Laughing If it's not so hard, why not just fix the problem yourself??

I don't speak or have any dealings with any unicode based language, like almost all the other users here, hence the lack of replies! While this is international support the majority of our users have little/no need to worry about multibyte encoding.

Also, your first post is very confusing to read, I remember reading your post about 3 times and I still didn't fully understand what you were trying to ask. I'd recommend keeping your posts as short as possible, as the layout and the way you've tried to explain things doesn't make easy reading.

All I can suggest is to make sure php is compiled with the mb_string addon. Aside from that you're just going to have to wait until someone that has knowledge of unicode assists, or try to do something further yourself.
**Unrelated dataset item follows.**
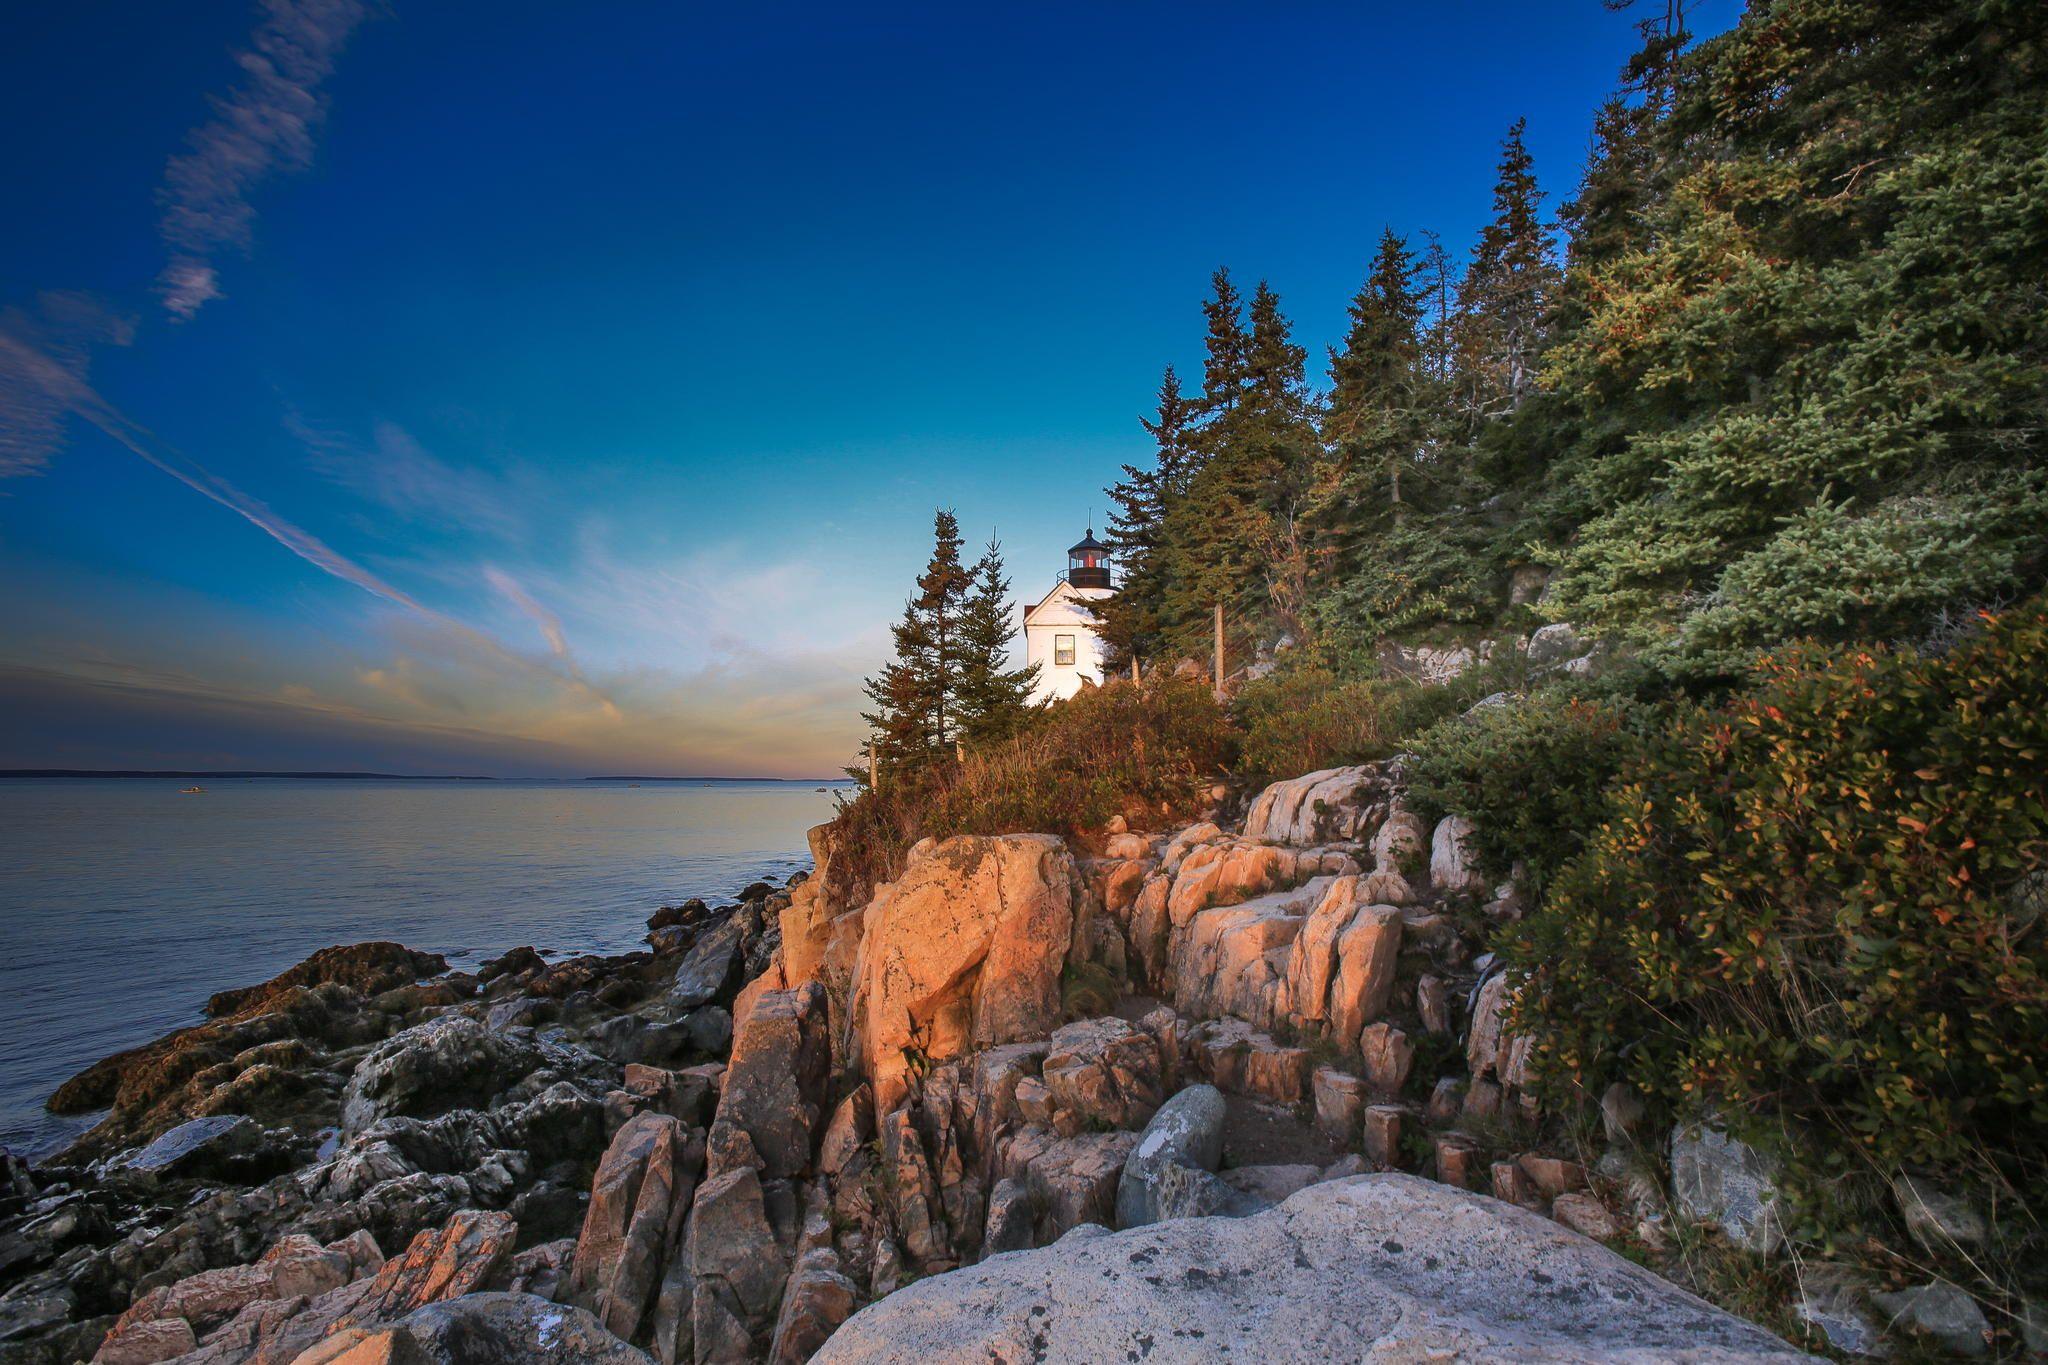 A Maine Morning, Bar Harbor, Maine

We have a few Japanese/Chinese users that use UTF-8 encoding without any problems, so I don't think the problem lies with MDPro anyway. If you want to install another CMS, go for it.

_________________
Retired from official MAXdev duties
View user's profile
Wiseman
MD user level 5
MD user level 5


Joined: Mar 15, 2005
Posts: 103
Location: Spain
bannato
Post  Posted: July 06, 2006 - 12:09 AM Reply with quote Back to top

M4ri000,

The Unicode/Universal Character Set is indeed the best choice (not just for websites but for everything; other character sets are obsolete). Unicode supports any written language known to man, as well as a wide set of useful characters, and supersets every existing character set. Out of the Unicode Transformation Formats, UTF-8 will work best with PHP, MySQL and MDPro, and it's optimal for European languages (but still good for Asian languages).
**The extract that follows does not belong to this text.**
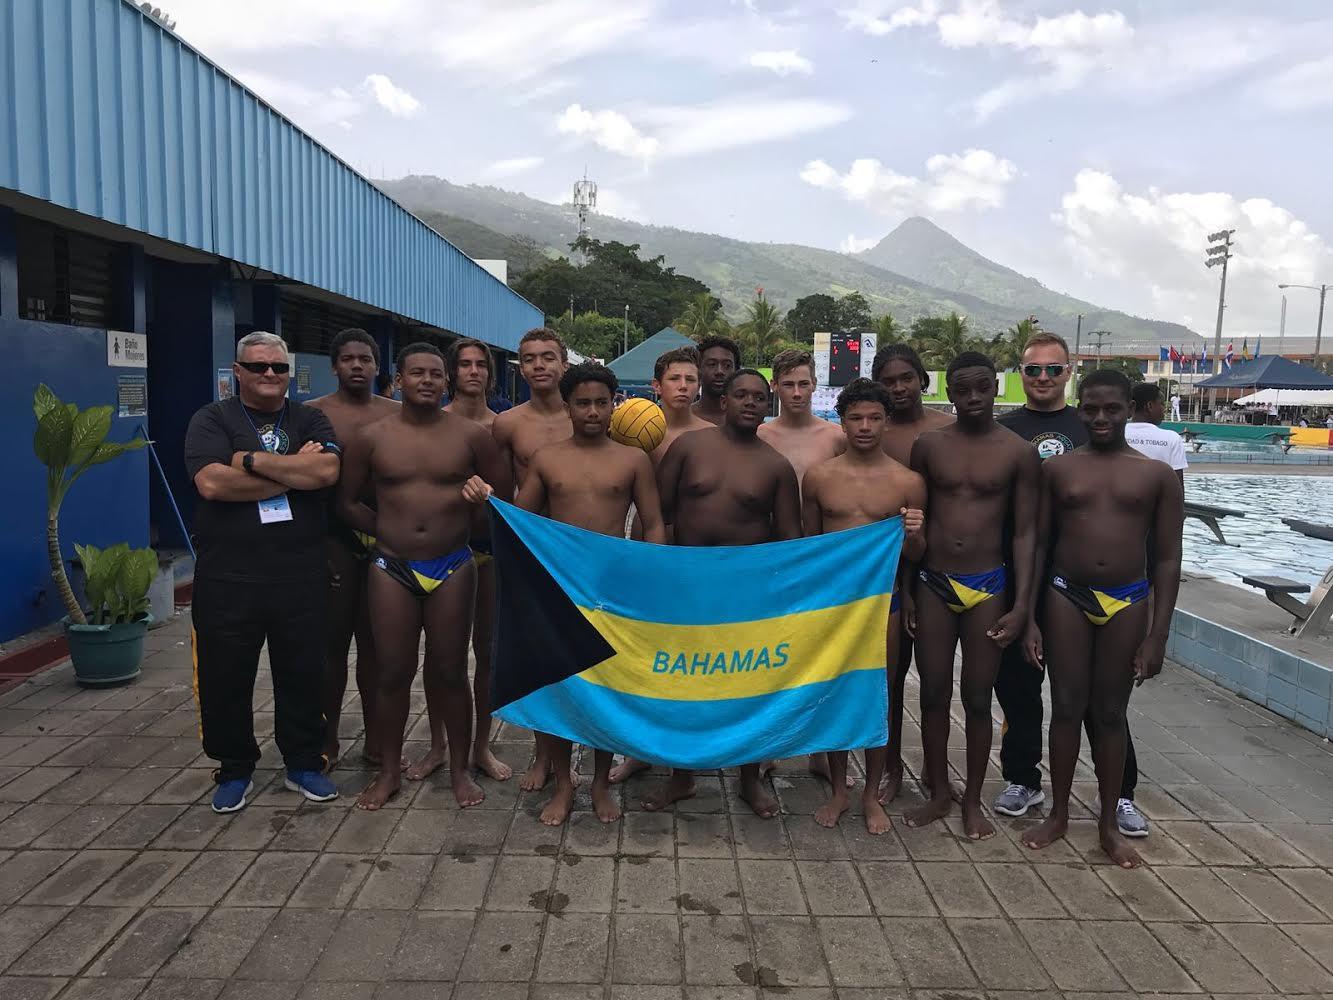 The Bahamas knocks off Trinidad and Tobago 13-11

I have a lot of experience with character sets and encodings so I might be able to help you.

In order to setup UTF-8 properly to use in your website, you should do the following:

1. Set your database to use UTF-8. To do this, make sure your database, server and client are set to use UTF-8. You will need some knowledge of the database in order to make it use UTF-8; it's a bit too long for me to explain without more information (like whether you have access to mysqldump and if you already have data with international characters in it). To set the server to use UTF-8 by default, edit your database configuration file (usually /etc/my.cnf on Unices, and <Installation path>\my.cnf on Windows/ReactOS) and add the following switches under [mysqld]:
Code:
default-character-set=utf8
default-collation=utf8_general_ci

To force using UTF-8 from MDPro itself (which is recommended), you can edit your includes/pnAPI.php file, at the end of the pnDBInit() function, right before the return true;, adding the following code:
Code:
$dbconn->Execute("SET SESSION character_set_client='utf8'");
$dbconn->Execute("SET SESSION character_set_connection='utf8'");
$dbconn->Execute("SET SESSION character_set_results='utf8'");

but remember the database has to be UTF-8 internally to support all characters, otherwise glitches may happen.
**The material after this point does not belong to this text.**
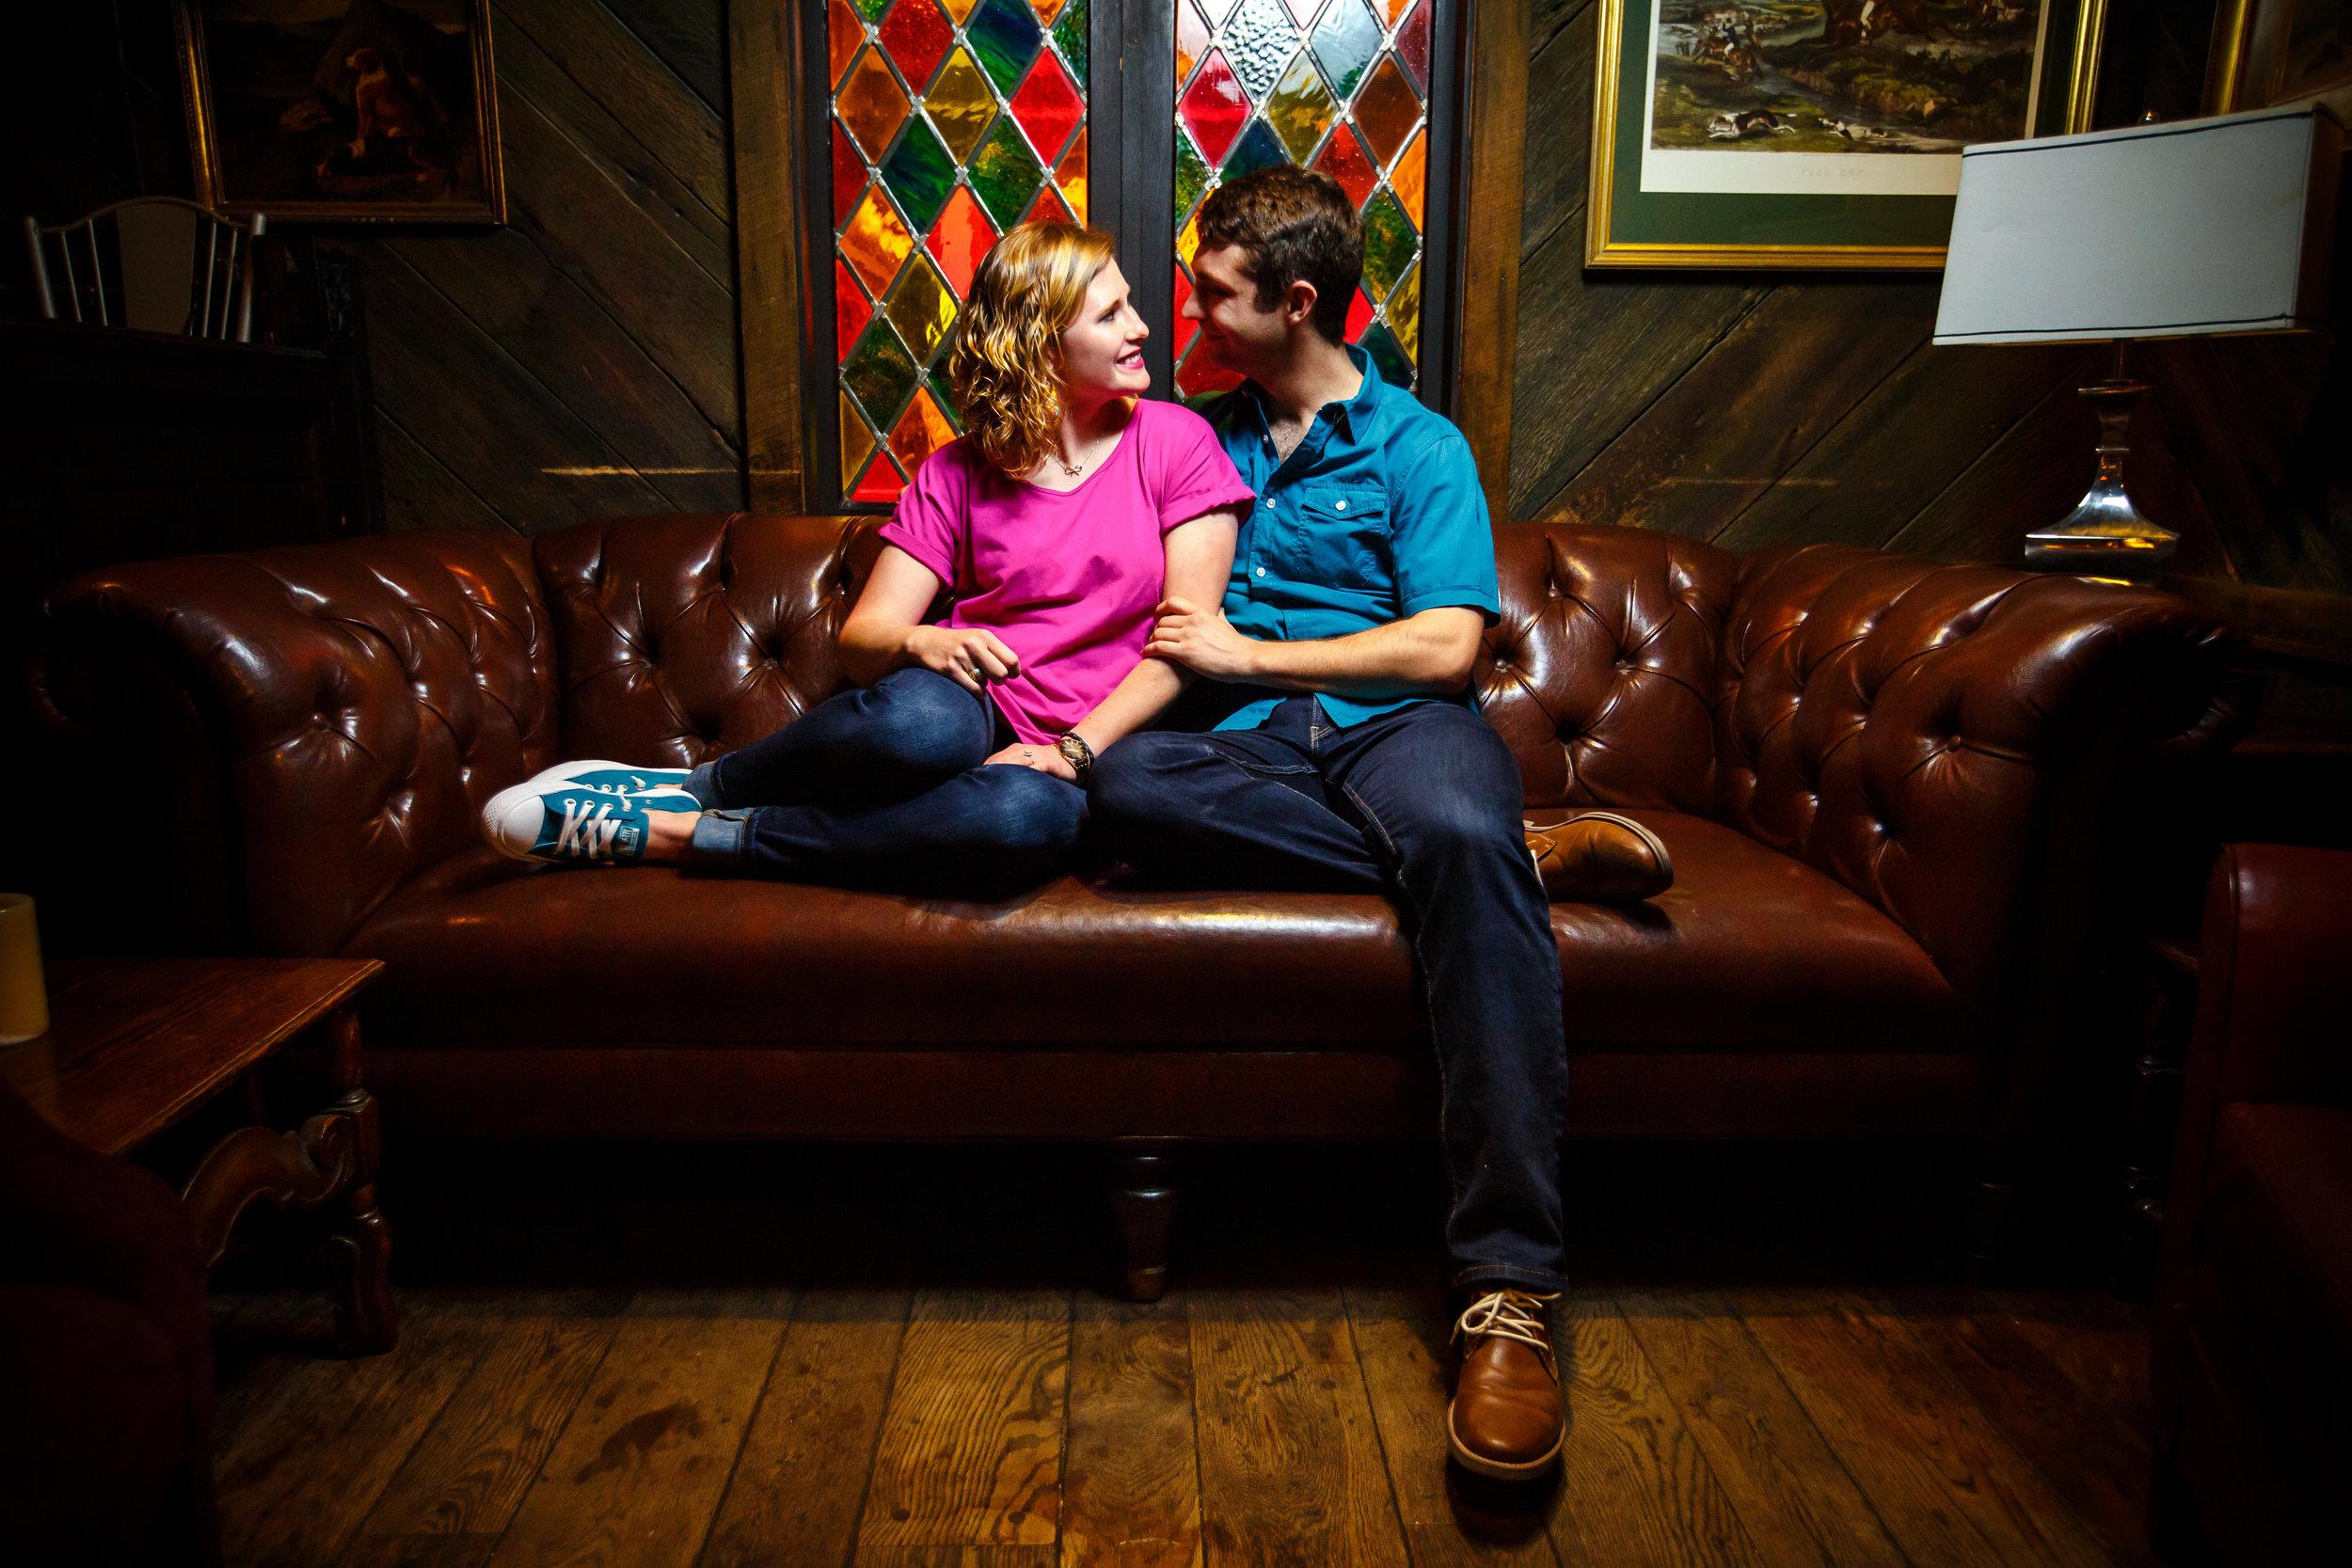 Fox and Hound Cheshire Engagement Photos Oldani Photography St. Louis Wedding Photographers5.jpg

2. Set PHP to use UTF-8. Edit your php.ini file (usually /etc/php.ini on Unices, <Installation path>\php.ini on Windows/ReactOS) and under [extension section], enable it (it's named like mbstring.so, php_mbstring.dll or something like that), hope your PHP was compiled with mbstring. Then under the [mbstring] section (create one at the end of the file if it doesn't exist), set the following:
Code:
mbstring.language = Neutral
mbstring.internal_encoding = UTF-8
mbstring.http_input = UTF-8,CP1252,ISO-8859-15,ASCII
mbstring.http_output = UTF-8
mbstring.encoding_translation = Off
mbstring.detect_order = UTF-8,CP1252,ISO-8859-15,ASCII
mbstring.func_overload = 6


3. Make sure your application supports UTF-8. In the code, remember to never use {} (or [] ) to access string characters; use substr instead. For example, if you want to retrieve the second character of a string $a, don't do $a{1}, do substr($a, 1, 1) instead.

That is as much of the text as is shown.